Steve and I were going to a lecture on the fourth floor of a buiding. The corridors were around the exterior of the building, but there were no exterior walls or railings. The floors were very slippery, and sloped toward the outside. The elevator was also outside, and there was a gap between the elevator and the corridor floor, so we had to jump across that gap. We were both very cautious about that.
Steve got a new job at a startup company, and I didn’t see him very much for a while. As it happened, the next time I saw him we were both going back to the same building. I was still extremely cautious, but Steve was not, which surprised me.
Several other things happened that made it clear that Steve was no longer at all concerned with heights. I asked him why, and he said that he’d tell me as long as I didn’t tell anyone else. I agreed, and he explained that his employer had developed an antigravity device. One of the versions of the device was implantable in the human body, and he had one of those. He demonstrated that he could step off of the ledge, and just stand in mid-air.
Eventually he introduced me to some of his coworkers and the founder of the company. They showed me a model designed for passenger cars and small trucks, and let me fly it around a test area.

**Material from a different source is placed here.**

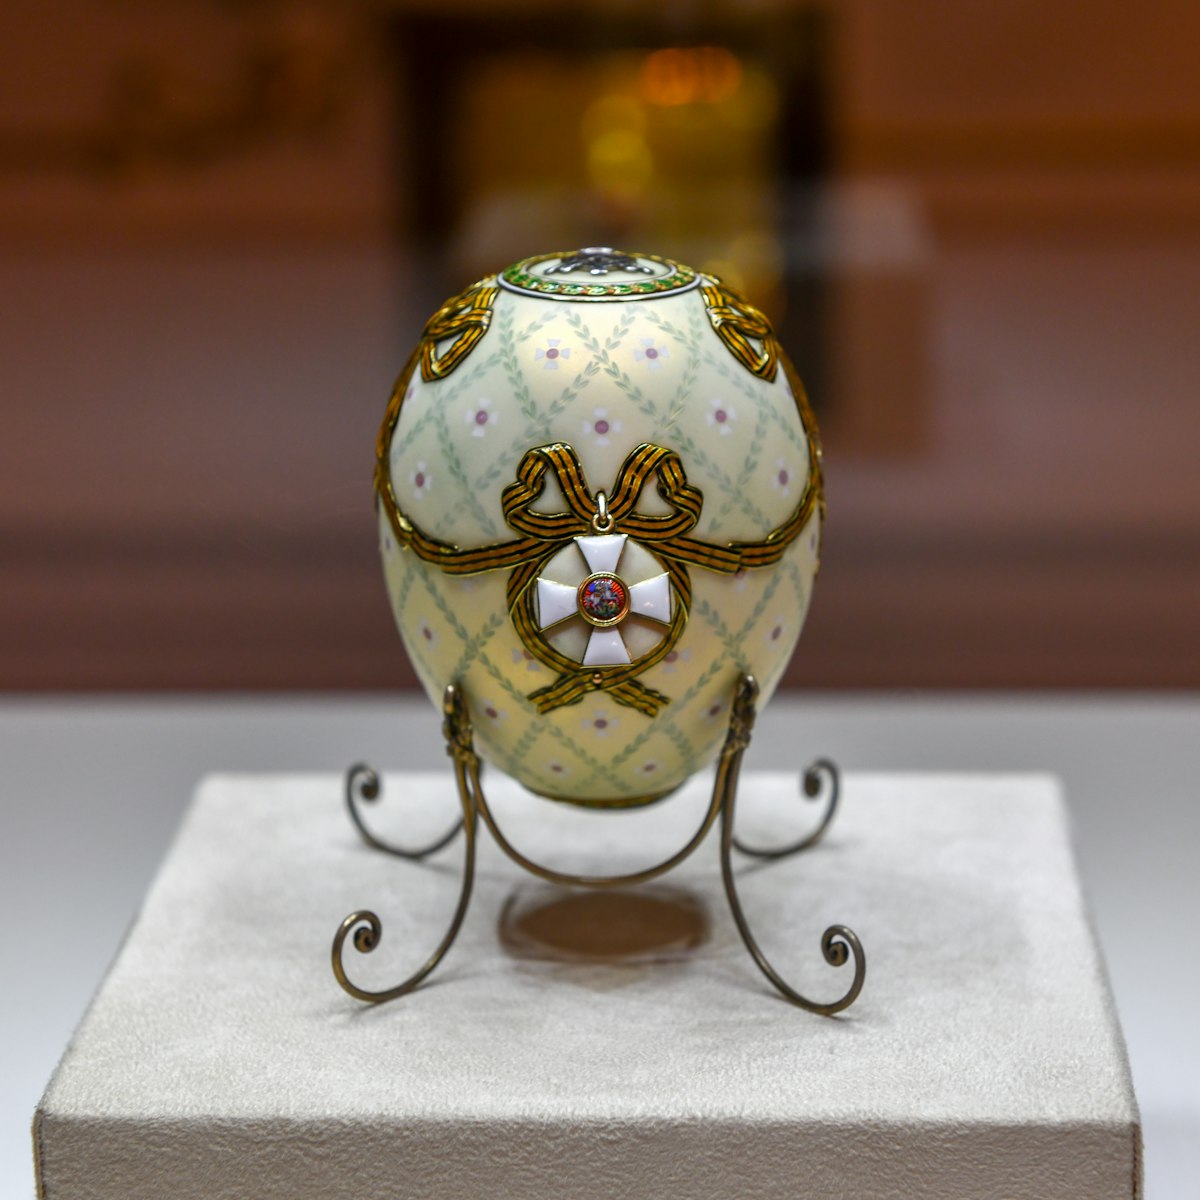 Faberge egg at the Faberge Museum in Saint Petersburg.
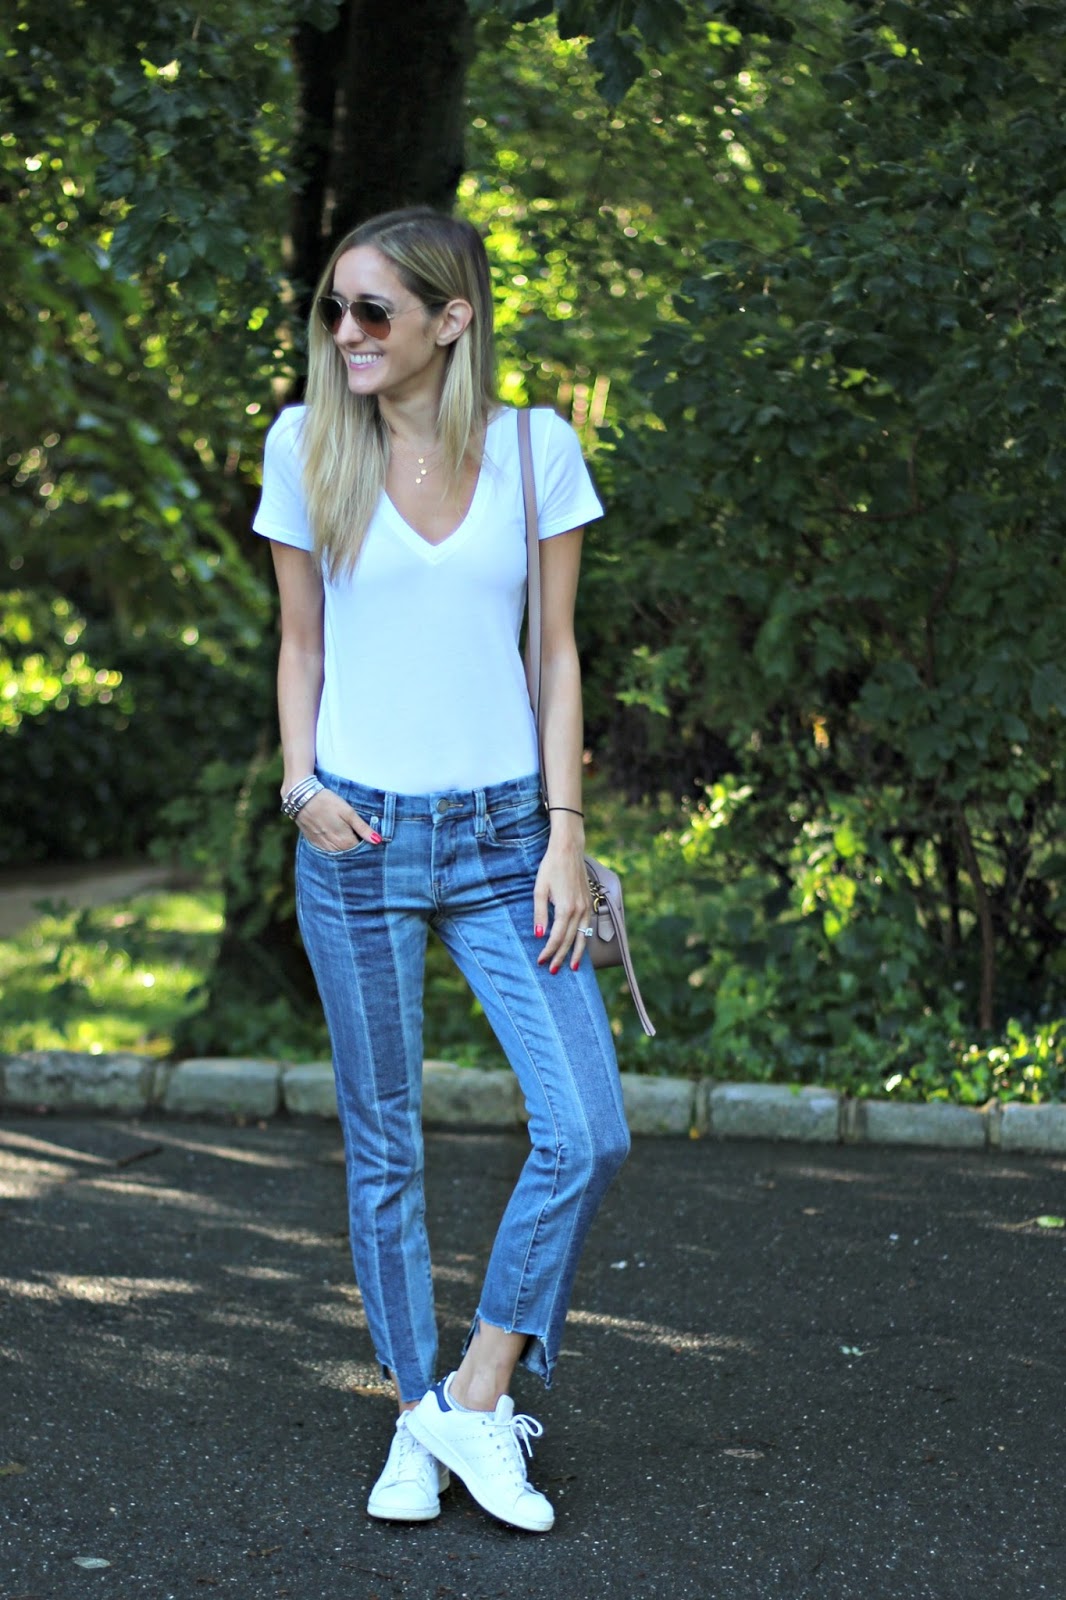 Michelle's Pa(i)ge | Fashion Blogger based in New York: FALL DENIM TRENDS

I wanted the implanted device, but they had stopped making them because their legal department had decided that they had too much potential legal liability. The device was under conscious control, but would also intervene to prevent accidents. For instance, if Steve had fallen off of the building without consciously controlling the device, he would have fallen, but at a reduced rate such that he was unlikely to be harmed. But the device couldn’t always prevent injury, and the lawyers were worried that people with the implant would think they were invulnerable, do stupid things, get injured or killed, and they or their heirs would sue the company.